Step 3. Put each linear factor equal to \(0\) (to apply the zero product rule).

Step 4. Solve these linear equations and get two roots of the given quadratic equation.

Solve \(x^2 - x - 6 =0 \) by the method of factoring.

We have \[ x^2 - x - 6 = (x-3)(x+2),\] which gives \( x = 3 \) or \( x = -2 \). \(_\square\)

Note that the factors of \( x^2 - x - 6 \) are \(1, x^2 - x - 6, x-3,\) and \(x+2\).

Solve the equation \( x^2+3x+2=0 \) for \(x\).

We have \[\begin{align} x^2+3x+2 &=0 \\ x^2+2x+x+2 &=0\\ x(x+2)+1(x+2) & =0\\ (x+2)(x+1) & =0. \end{align}\] So,
\[\begin{align} (x+2)=0 \text{ or } (x+1)=0 \\ x=-2 \text{ or } x =-1.\ _\square \end{align}\]

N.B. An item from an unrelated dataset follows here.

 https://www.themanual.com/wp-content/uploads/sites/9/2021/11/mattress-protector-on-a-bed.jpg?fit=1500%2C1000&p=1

Note: We cannot always factor into linear factors using only real numbers. For some quadratics \((\)e.g., \( x^2 + 1 )\), the linear factors require complex numbers:

\[ x^2 + 1 = (x+i)(x-i) .\]

Try the following problems:

Finding Quadratic Equation from Roots

When two places of the variable are given, we have to write them of the form \(\text{(variable - value = 0)}\).

To find the equation from the roots:

Step 1. If the variable \(x\) is given, and two values \(x=a\) and \(x=b\) are given, then we have to simplify them to \[x-a=0 \quad\text{ and }\quad x-b=0.\] Step 2. Multiplying the equations and simplifying them, we arrive at this: \[\begin{align} (x-a)(x-b)&=0\\ x^2 -(a+b)x+ab&= 0. \end{align}\]

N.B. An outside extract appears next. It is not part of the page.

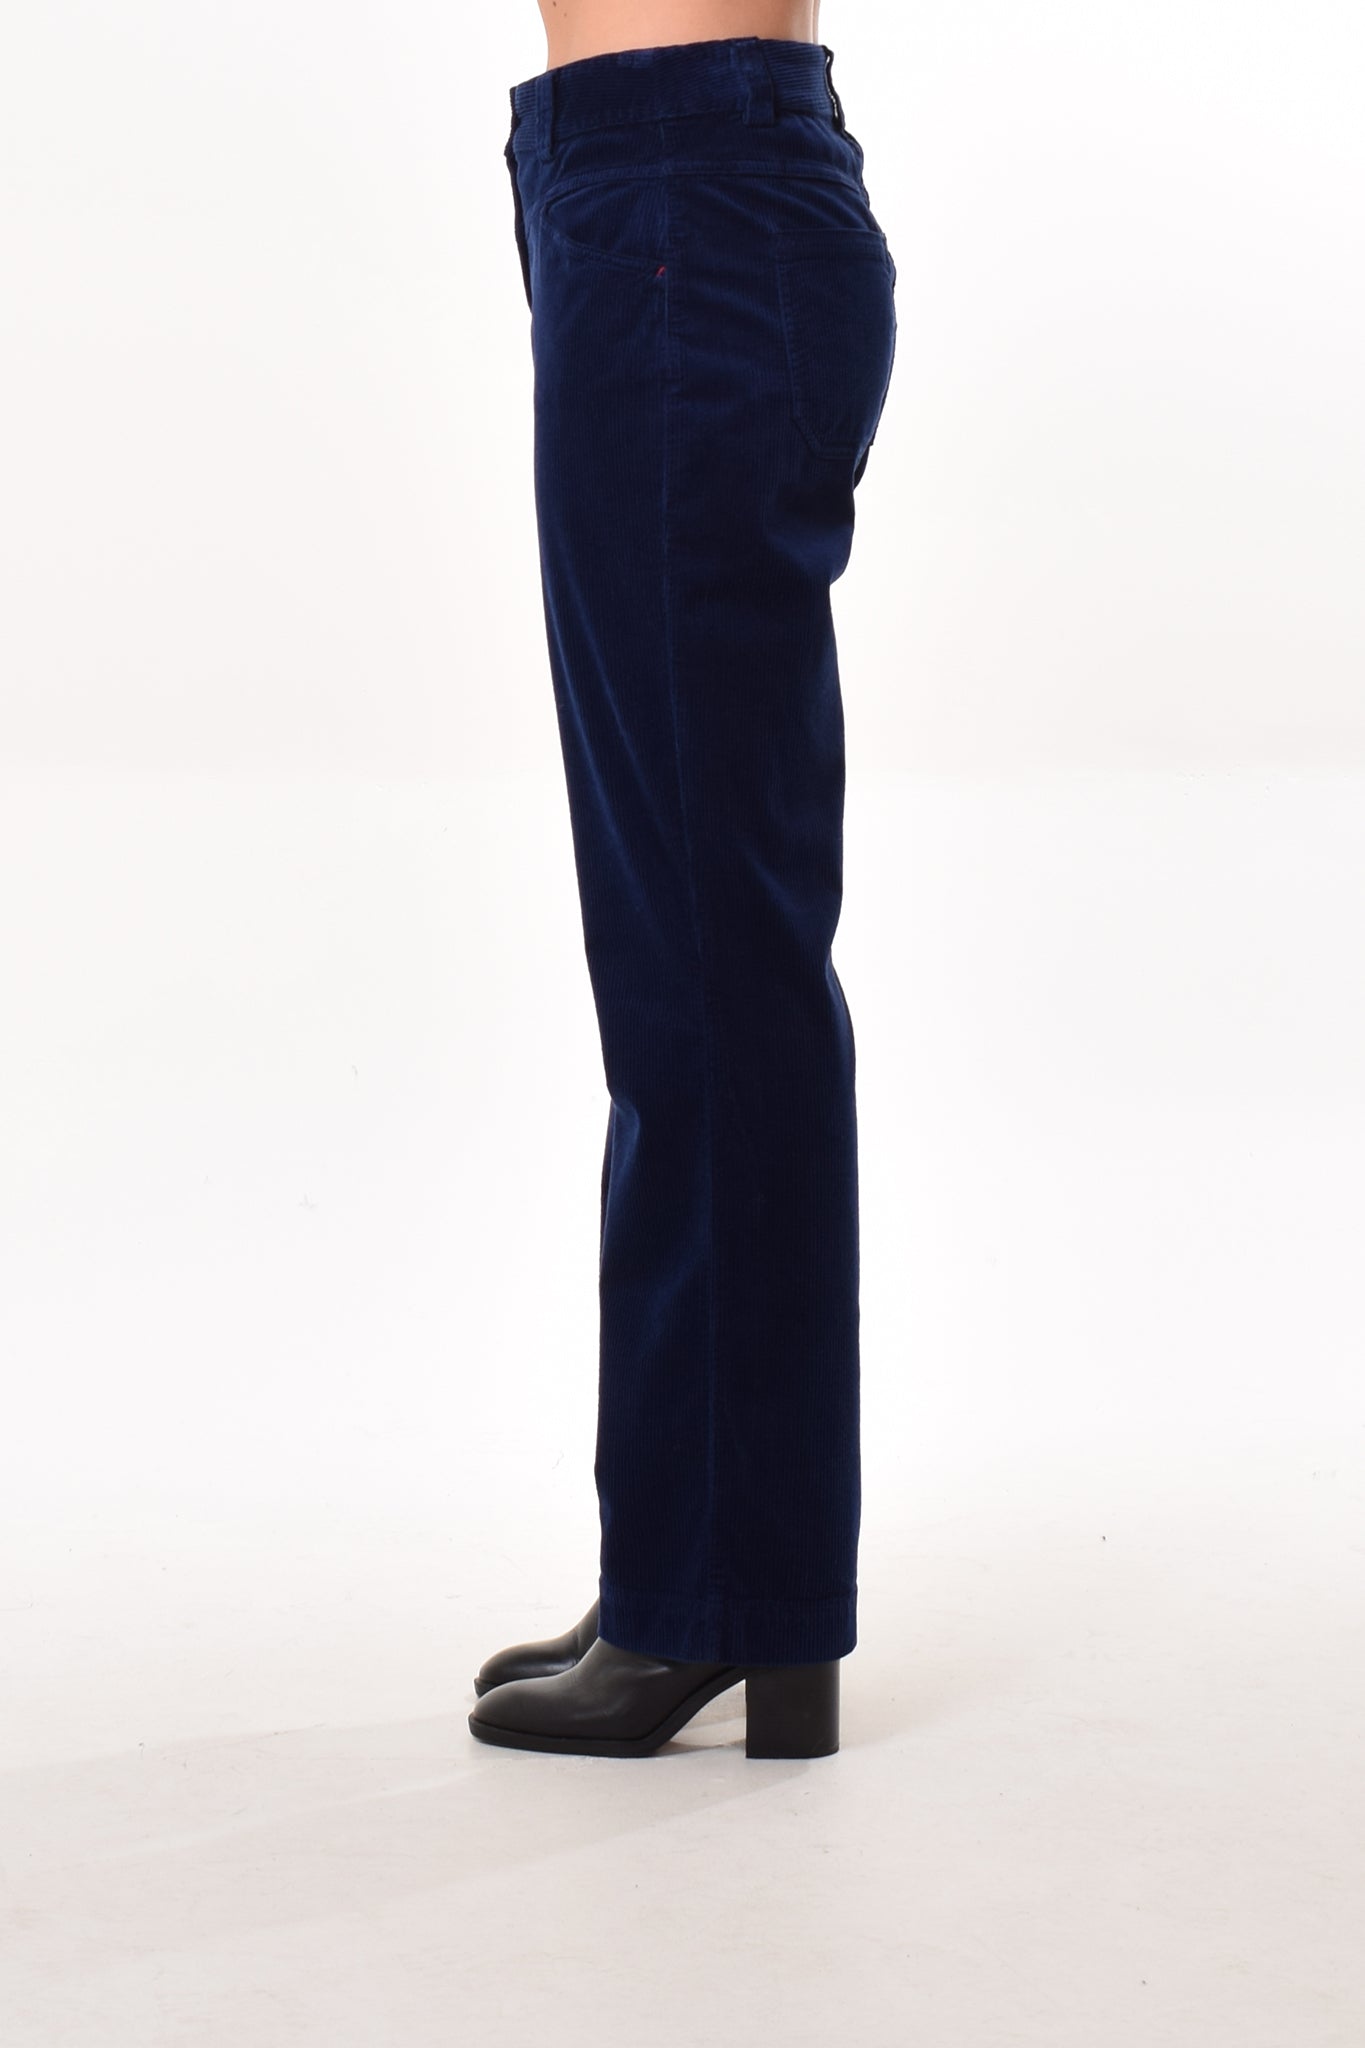 City trousers in Midnight (big cotton corduroy)

Find the quadratic equation whose roots are \(2\) and \(-3\)

Considering the equation in variable \(x\), we have the following:
\[\begin{align} x=2&\implies (x-2)=0\\ x=-3&\implies (x+3)=0. \end{align}\] Multiplying both the equations, we have \[\begin{align} (x-2)(x+3) & =0\\ x(x+3)-2(x+3) & =0\\ x^2+3x-2x-6 & =0\\ x^2+x-6 & =0.\ _\square \end{align}\]

Find the quadratic equation whose roots are \(5\) and \(6\)

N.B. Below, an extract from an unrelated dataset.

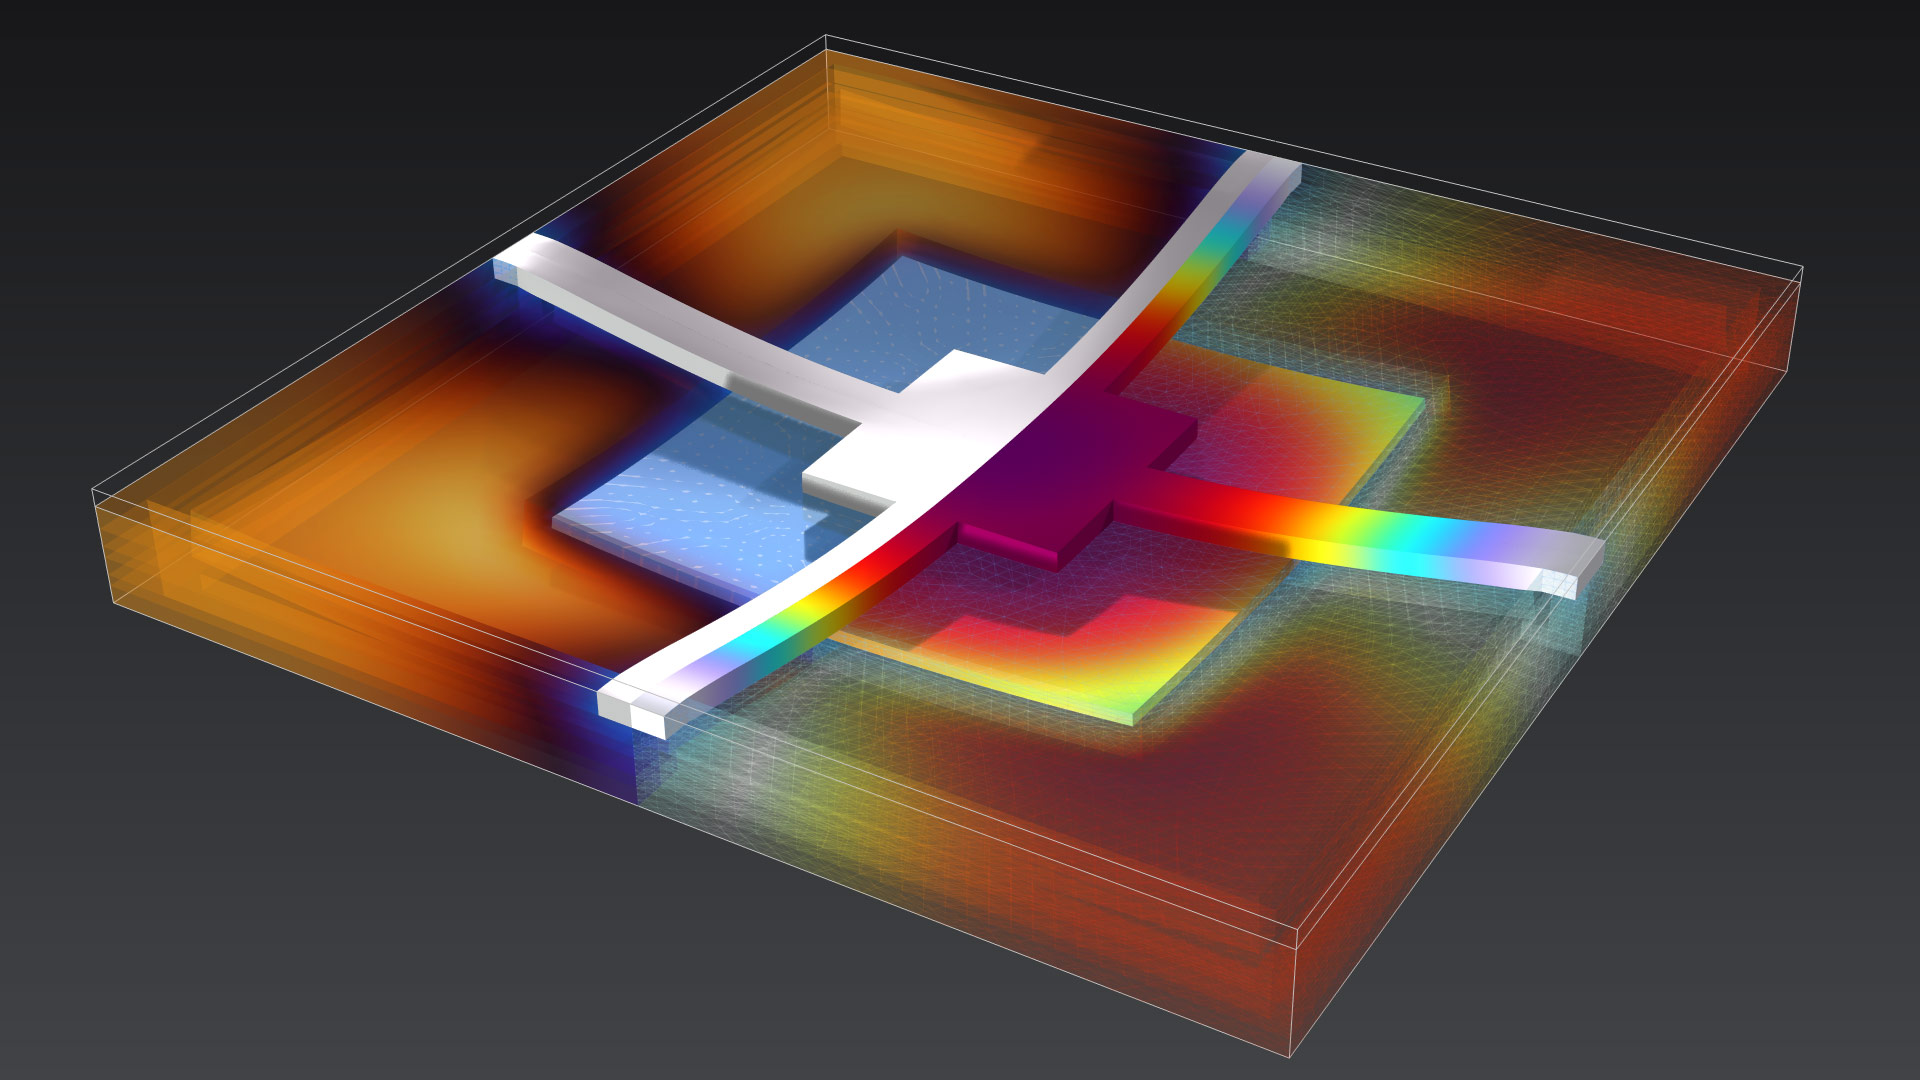 A transducer model in the Thermal Wave and Prism color tables.

Considering the equation in variable \(x\), we have the following:
\[\begin{align} x&=5 \implies x-5=0\\ x&=6\implies x-6=0. \end{align}\] Multiplying both the equations gives \[\begin{align} (x-5)(x-6) & =0\\ x(x-6)-5(x-6) & =0\\
x^2-6x-5x+30 & =0\\
x^2-11x+30 & =0.\ _\square \end{align}\]

Solving by Completing the Square

Main Article: Completing The Square

For a quadratic polynomial \(f(x) = ax^2 + bx +c\), completing the square means finding an expression of the form

\[f(x) = a(x-b)^2 + c.\]

Complete the square for the quadratic \( x^2 + 8x + 10 \).

Since our middle term is \( 8x \), we know that we will want a perfect square with the form \( (x+4)^2 \), which expands to \( x^2 + 8x + 16 \).

Thus, we can do the following:

\[\begin{align} x^2 + 8x + 10 &= x^2 + 8x + 16 - 16 + 10\\ &= (x^2 + 8x + 16) - 6 \\ &= ( x+ 4 )^2 -6. \ _\square \end{align} \]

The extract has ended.